DNA structure and not only sequence is important - sachmanb
http://www.wired.com/wiredscience/2009/04/chromotopo/

======
sachmanb
I posted this for the people who found the DIY biohacking to be interesting,
and might be toying with bioinformatics as a hobby. I've been messing with
bioinformatics on and off for some time now, and a friend of mine is heavily
involved (grad student). From a hacker perspective, it's a very exciting time
-- the black box is now a gray box...it's not at white box because most of
everything that scientists are doing is tweak something and rely on the
remainder of the existing technology to do whatever it does that we don't
understand that completes what we need it to do...kind of like seeing the hex
and going "well, if I change this variable's value here..what happens?" There
are some people working on making essentially high level code for biohacking,
but from what I can tell they are still a small group.

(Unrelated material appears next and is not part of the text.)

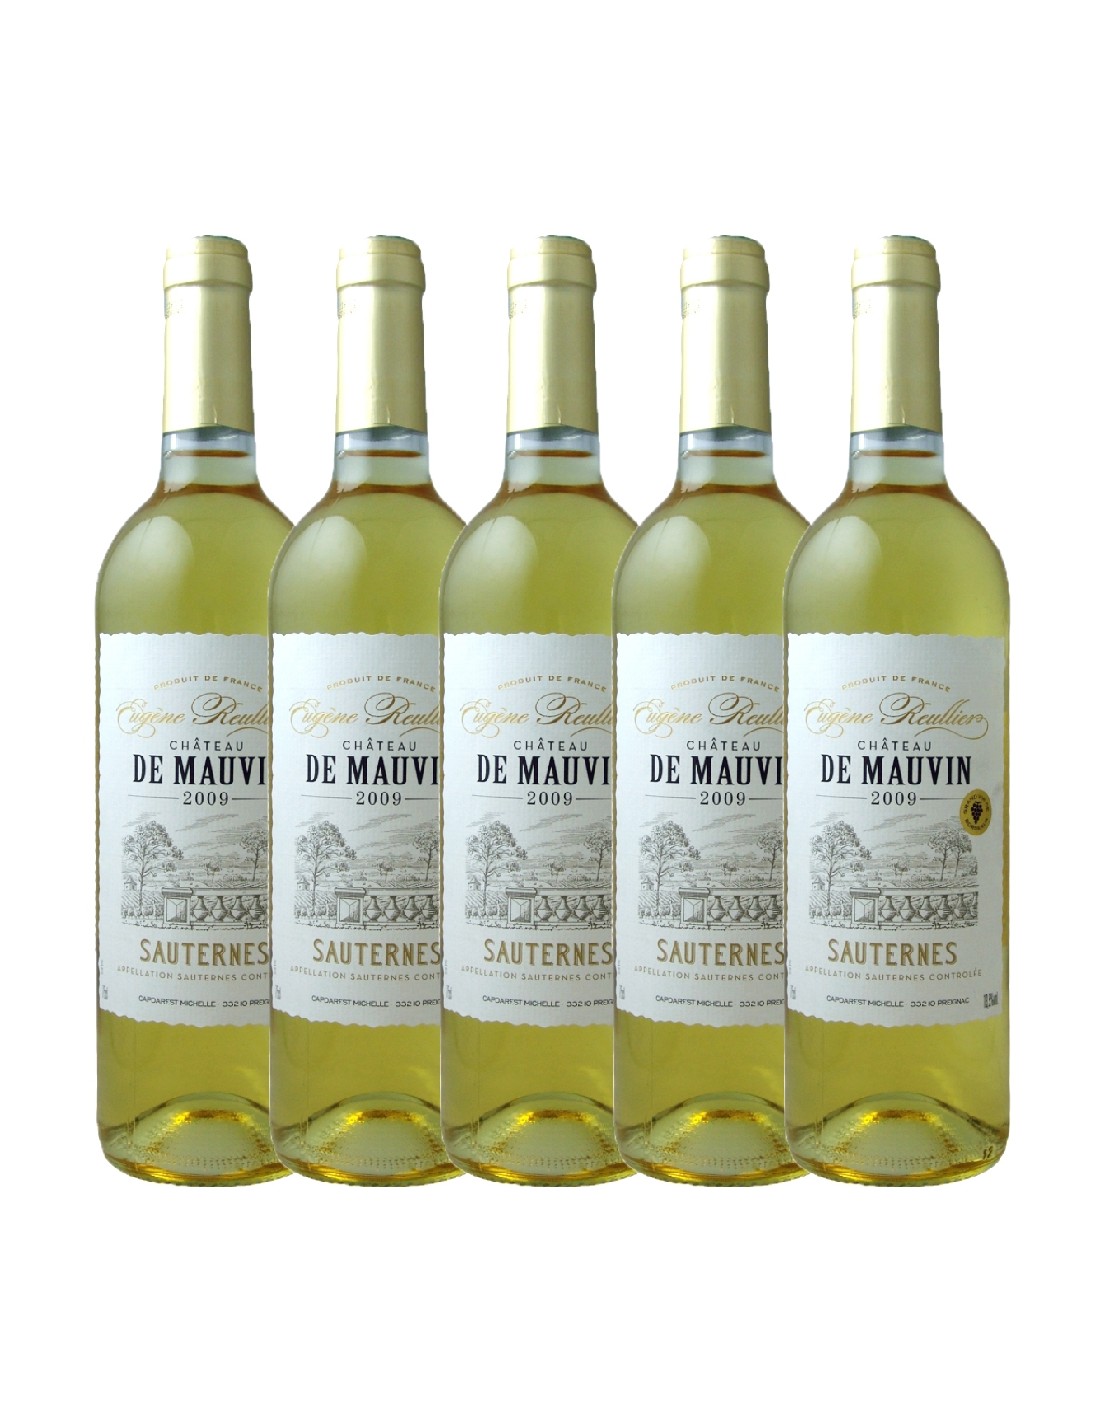 Pachet 5 sticle Vin alb dulce, Eugene Reulier Chateau de Mauvin Sauternes, 0.75L, Franta

There's some exciting
stuff going on down in San Diego, and I guess in Japan from what I hear, but
this meeting between molecular biology and computer science is still young and
not that well tapped.

Now, before you young entrepreneurs go ravaging this field...please, don't
kill us all. Thanks.

------
fatty
i love this line: “Pick a random person of the street, say ‘genome,’ and
they’ll think ’sequence.’ "

i want to live where this guy lives.